Local Police Departments, Minnesota
Sheriff Vernon "Vern" Thurman
The Police Chief of Bemidji.
- Da Chief: He's the Sheriff of Bemidji, meaning he's both in charge and takes a pretty active role.
- Decoy Protagonist: Vern gets a fair amount of characterization in "The Crocodile's Dilemena" before being abruptly killed, thus setting up the real hero, Molly.
- Distaff Counterpart: He's presented as one to Marge Gunderson from the original film; a smart, capable, and fundamentally decent police chief with a child on the way. Sadly, unlike Marge, he doesn't survive very long.
- A Father to His Men: Vern is well-loved by the cops under his command; everybody feels the impact of his death. He's generally kind and supportive with a good understanding of his people's capabilities. He's particularly fond of Molly, of whom he appears very proud.
- Forgotten Fallen Friend: Averted. His wife makes recurring appearances, he's talked about frequently, and there's no doubting that Molly's motivation stems from his untimely death.
- Happily Married: To his loving, very pregnant wife.
- The Mentor: For Molly, whom he was grooming to become the next Chief.
- Mentor Occupational Hazard: He's killed by Lorne Malvo, spurring his pupil Molly on to solve the case.
- Nice Guy: Vern is just an all-round pleasant man.

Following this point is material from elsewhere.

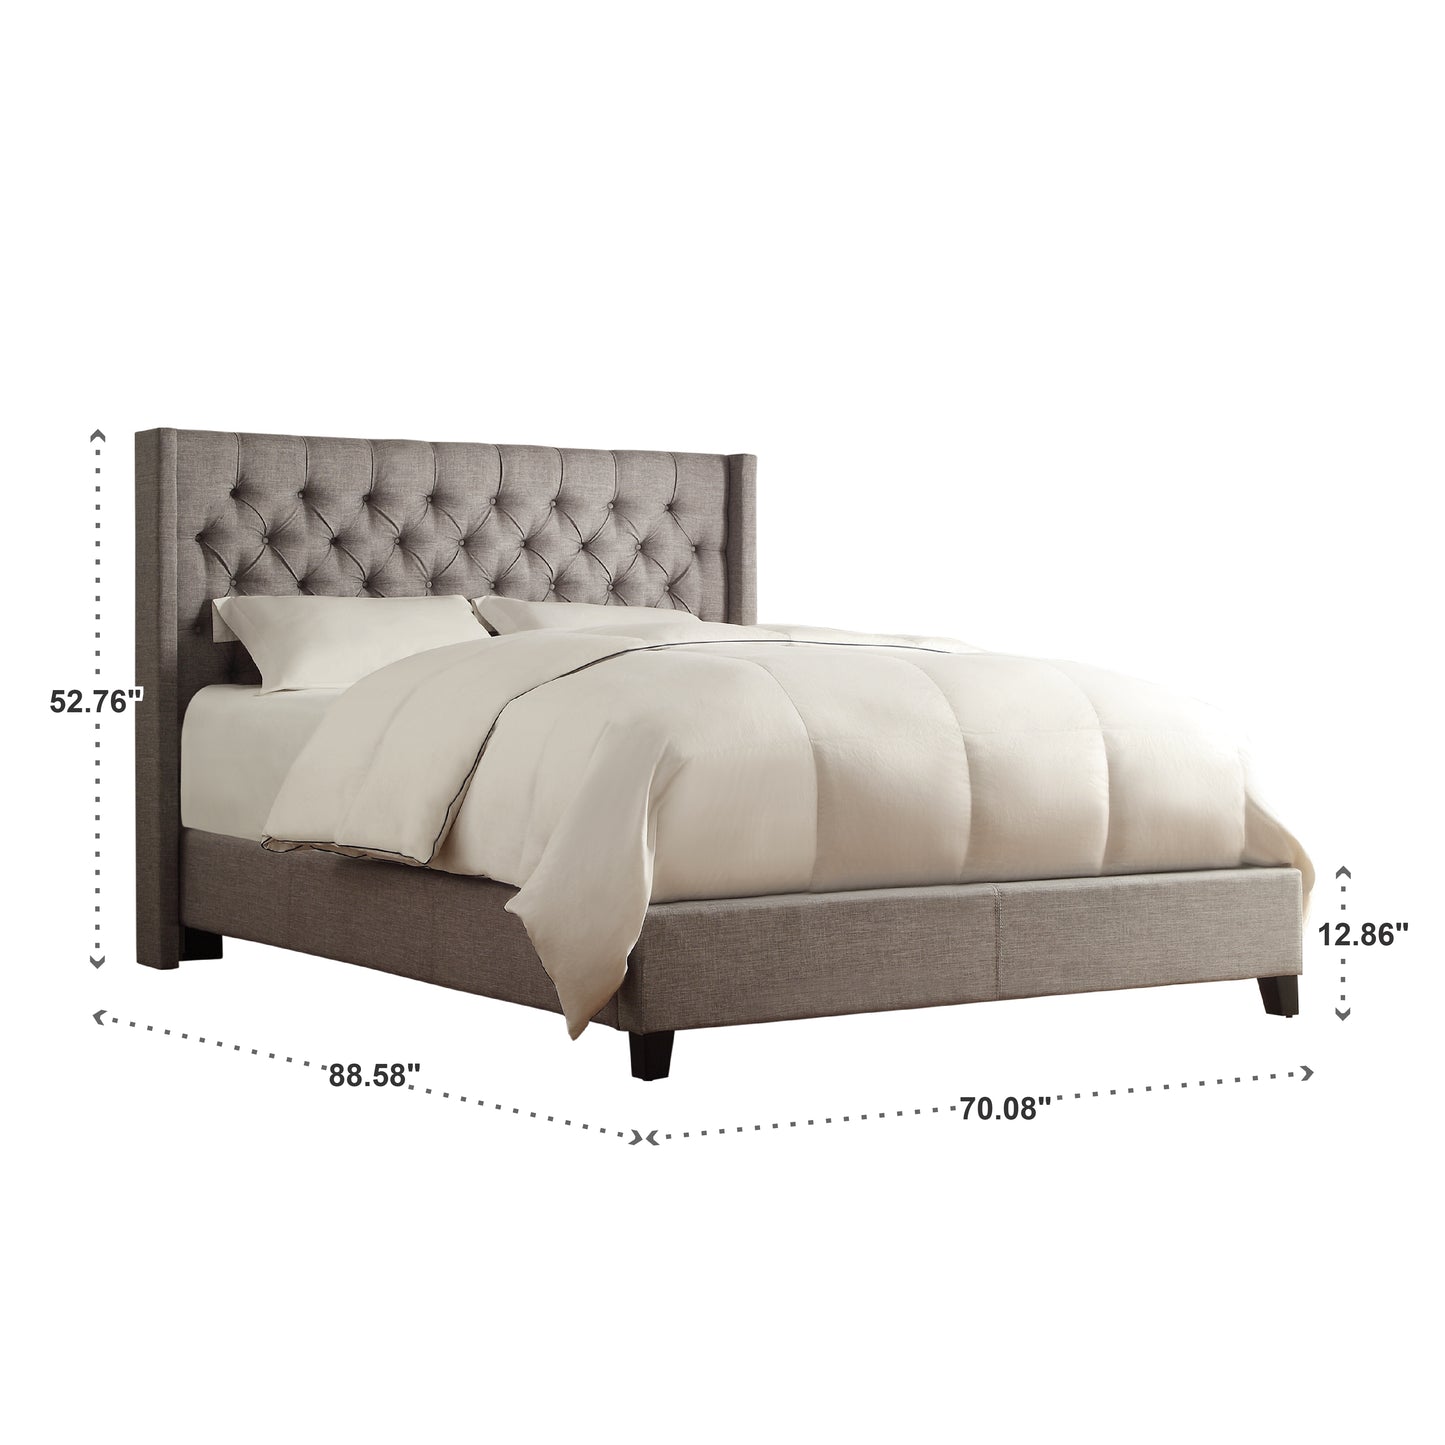 Wingback Button Tufted Platform Bed - Grey Linen, Queen

- Small Role, Big Impact: Vern only appears in one episode, but his ghost looms large. His senseless death is an impetus for much of the storyline, moreso than even Pearl's death.
- Too Good for This Sinful Earth: The entire community is devastated by the death of such a genuinely good man who was universally loved.
Sheriff Bill Oswalt
Despite being the Deputy Police Chief in Bemidji, Bill Oswalt never had the chops to be a police officer. After being put on the case of a series of gruesome murders in town, Bill will have to work with Molly to try and solve the case...if he doesn't somehow screw it up first.
- Clueless Deputy: More like Clueless Chief. In an interview with a highly suspicious murderer, he frequently takes him on his word, helps him add detail to his alibi, and goes on unrelated tangents, all while showing no interest in solving the actual murder.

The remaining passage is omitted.